The Sixth takes a strict statutory construction look at the statute, first determining if the entity is a “corporation”, finding if the statute does not specifically define a term fully then Congress intends to adopt its customary meaning.  The Court found “corporation” generally includes not-for-profit corporations, looking to Chief Justice Marshall 1819 holding in Trustees of Dartmouth College v. Woodward.  The Second Circuit had cited to this case, and, not to be outdone, the Sixth Circuit decided to look even further back through legal history, citing to the 1612 holding in The Case of Sutton’s Hospital where the nonprofit was treated as a corporation.  And, to the writings of William Blackstone in 1753, who listed three general types of corporations, including charitable or “eleemosynary” as he termed them.  The Court then looks to various places in the Code where charitable entities are referred to as corporations, and various other everyday uses of the term.

Finding the entity was clearly a “corporation”, the Court then looked to the hanging language and the reference to (c)(3).  There the Court held that the parenthetical modified only the taxable period, and not the remainder of the paragraph, so the c-corporation language did not modify (a)(1) to only apply to c-corporations.  The Sixth Circuit provides a lengthy discussion about why this is the correct statutory interpretation, which is similar to that in the Second Circuit holding.

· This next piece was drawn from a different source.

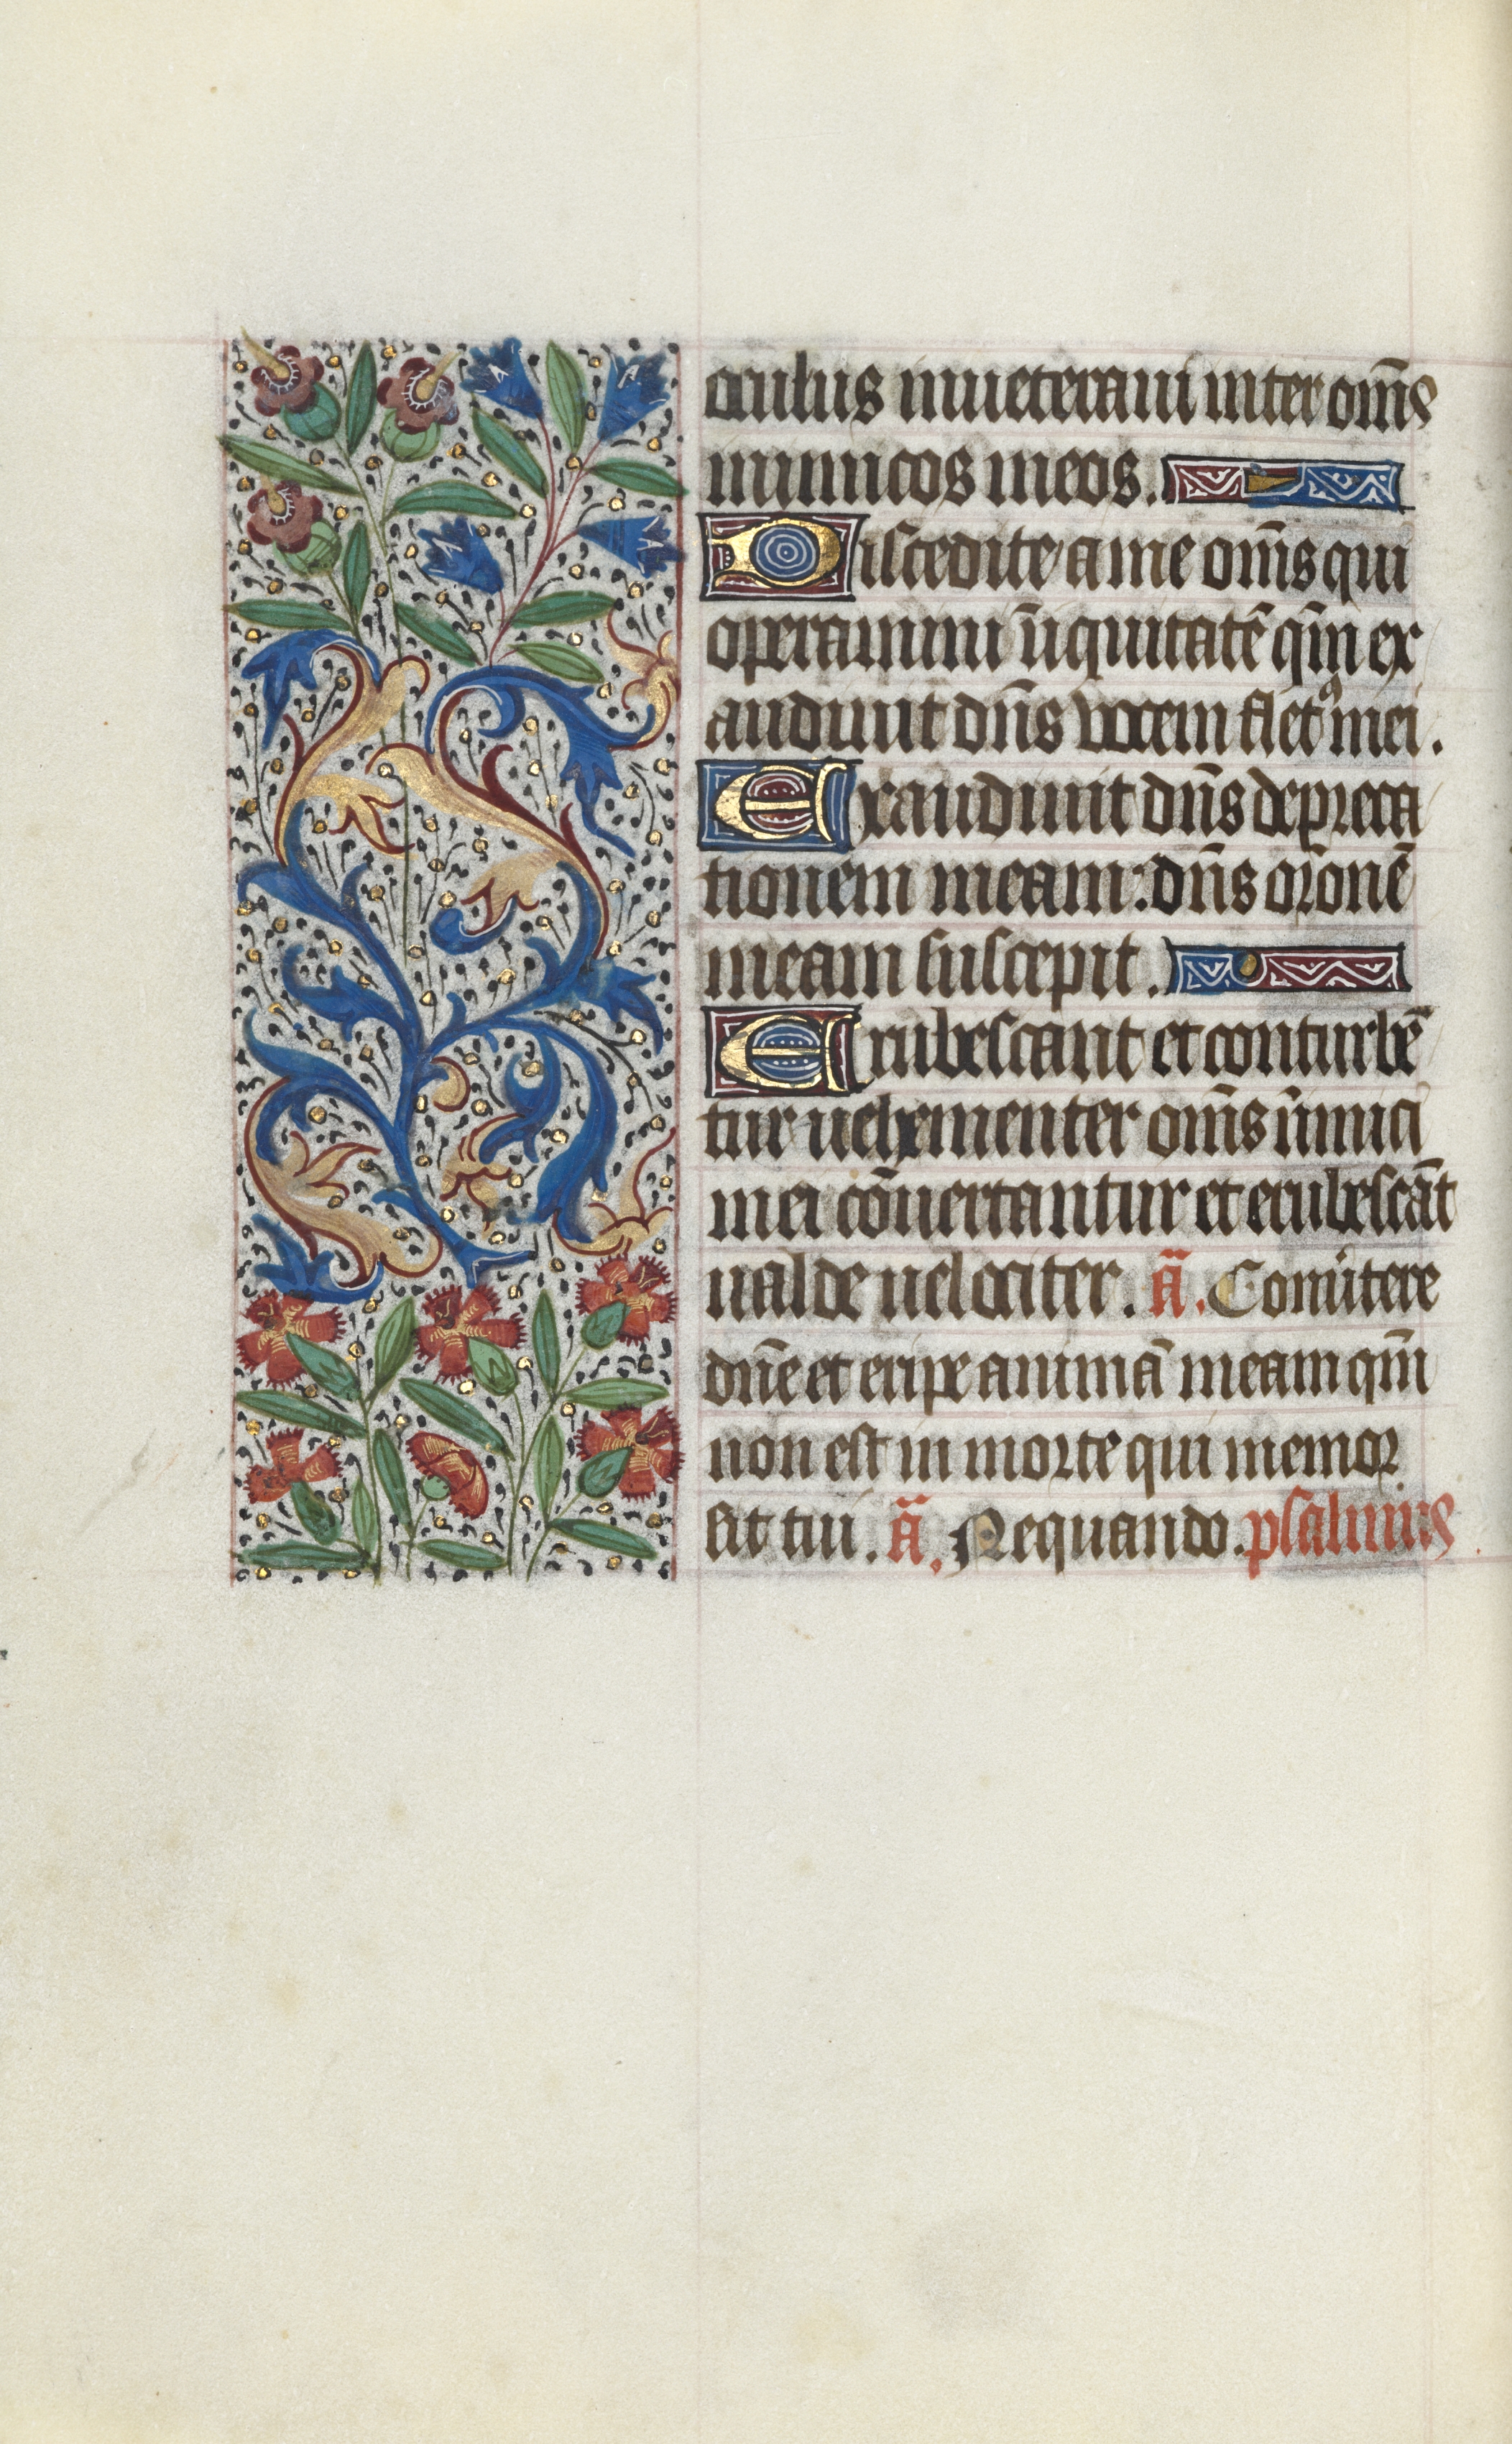 Book of Hours (Use of Rouen): fol. 112v

The Court does note that this is a strange statutory design, to have the nonprofit receiving less interest than Warren Buffett, musing that perhaps Congress had not thought it through because nonprofits don’t pay income tax.

In the final paragraph, the Court does note that it is in agreement with the Second Circuit (the first reference to the case).  This is probably on appeal in other circuits at this point, as it appears there were a lot of nonprofit hospitals in the same position following Mayo.  As the Tax Court has previously held that the S-corporations were not subject to the lower rate based on the same provisions, there is at least some potential for another circuit to hold differently regarding not-for-profits, providing a split.  We shall see.